# Hilfe für Code-Modifikation



## franaz (10. Dez 2007)

Hallo! Ich würde gerne eine bestehende Java-Programmkomponente modifizieren, aber meine Java Kenntnisse reichen leider hierfür nicht aus. Es geht um die Übermittlung von Daten, die einen vorher festgelegten Timestamp erhalten sollten, anstelle des aktuellen Timestamp zum Zeitpunkt der Übermittlung. Ich habe das relevante File mittels Decompiler auch schon ausfindig gemacht und soweit ich den Code verstanden habe, sollte das gar nicht so schwierig sein. Da es für unsere Firma nützlich wäre, würde ich bereit den Aufwand zu entschädigen (einfach mittels paypal).

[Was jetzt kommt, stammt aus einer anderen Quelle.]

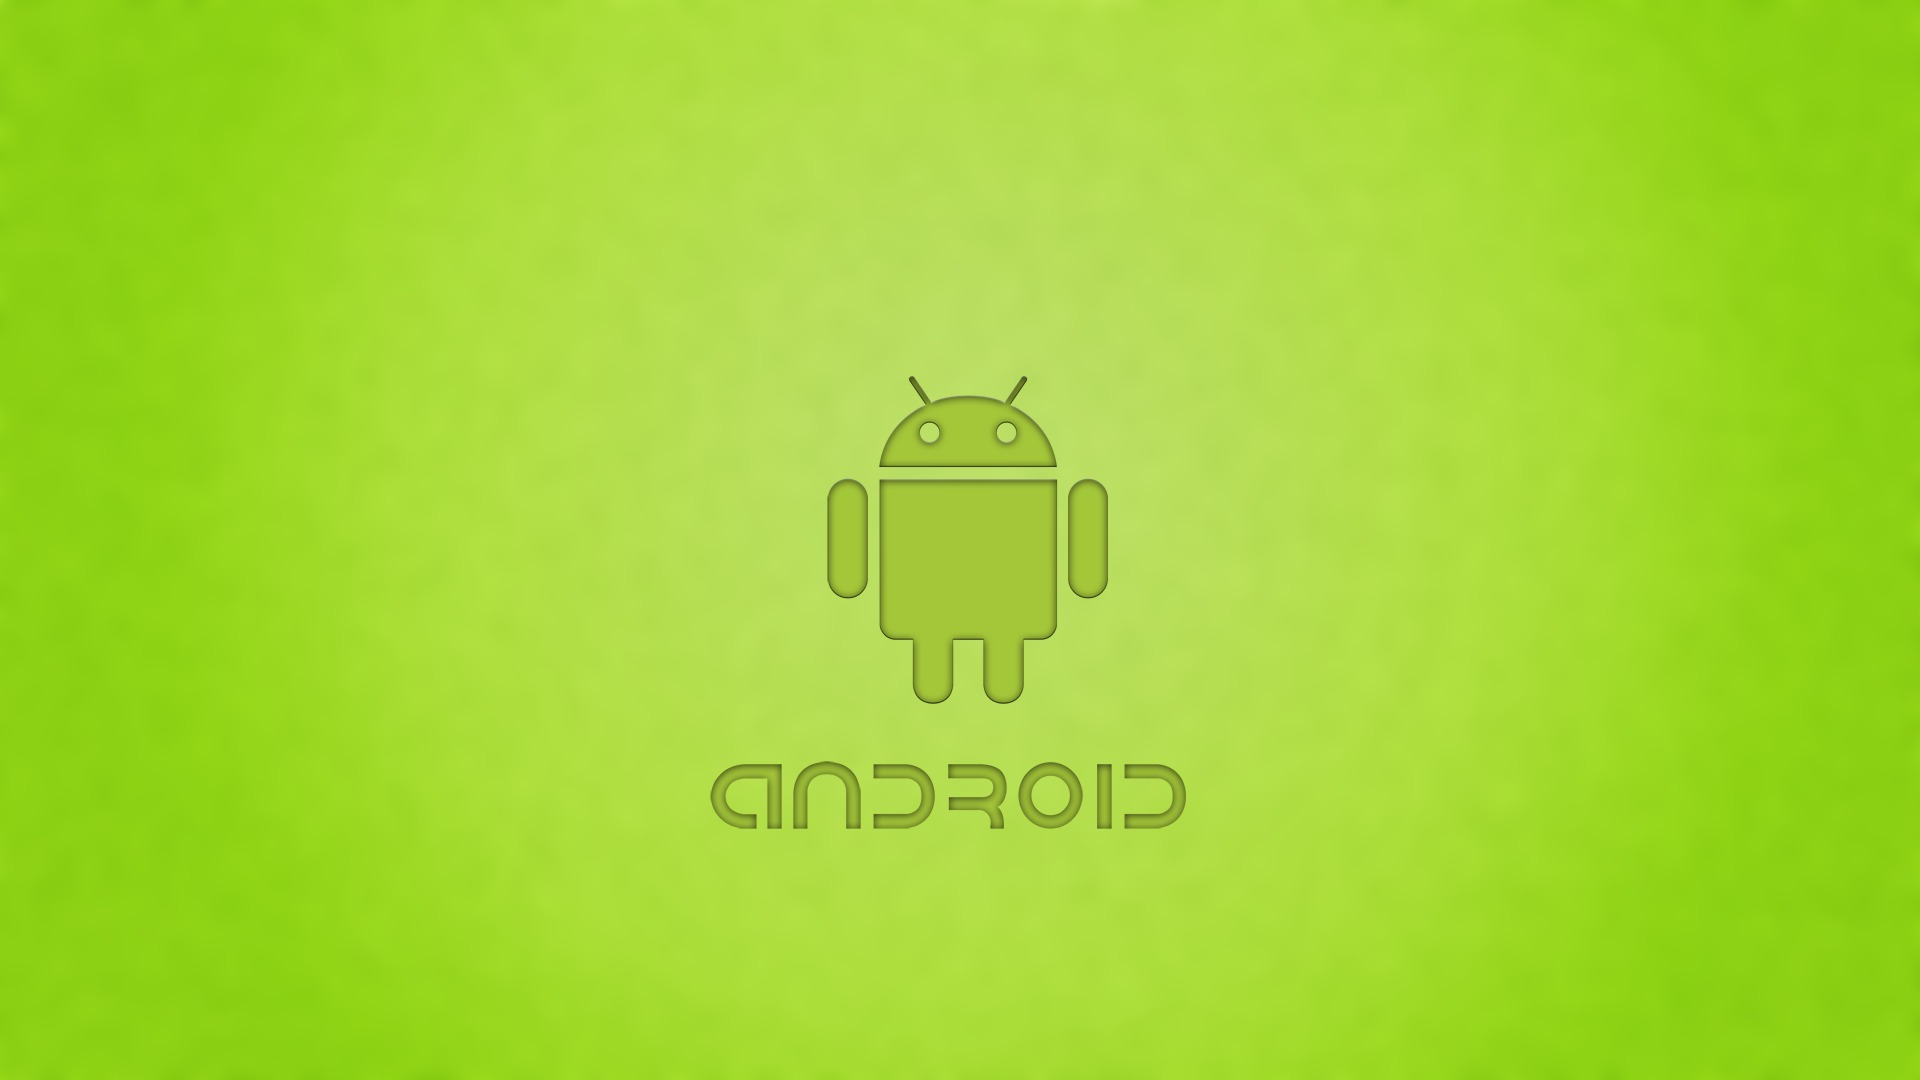 carta da parati unica per android,verde,giallo,font,illustrazione,grafica

Termin wäre allerdings schon diesen Mittwoch. 
Wer kann mir helfen? Ich kann das File auf Anfrage sofort zuschicken!

Vielen Dank!
Franz Hauser


----------



## maki (10. Dez 2007)

> Decompiler


Ist das gar nicht euer Code der verändert werden soll?


----------



## Wildcard (10. Dez 2007)

franaz hat gesagt.:
			
		

> Ich habe das relevante File mittels Decompiler auch schon ausfindig gemacht
> ...
> Da es für unsere Firma nützlich wäre


Wenn ihr keinen Quelltext habt, ist es in fast allen Fällen nicht erlaubt selbiges Programm zu modifizieren.
Dürfte dir schwer fallen jemand seriöses zu finden, der bereit ist sich auf etwas potentiell illegales einzulassen, insbesondere da ein Unternehmen involviert ist.


----------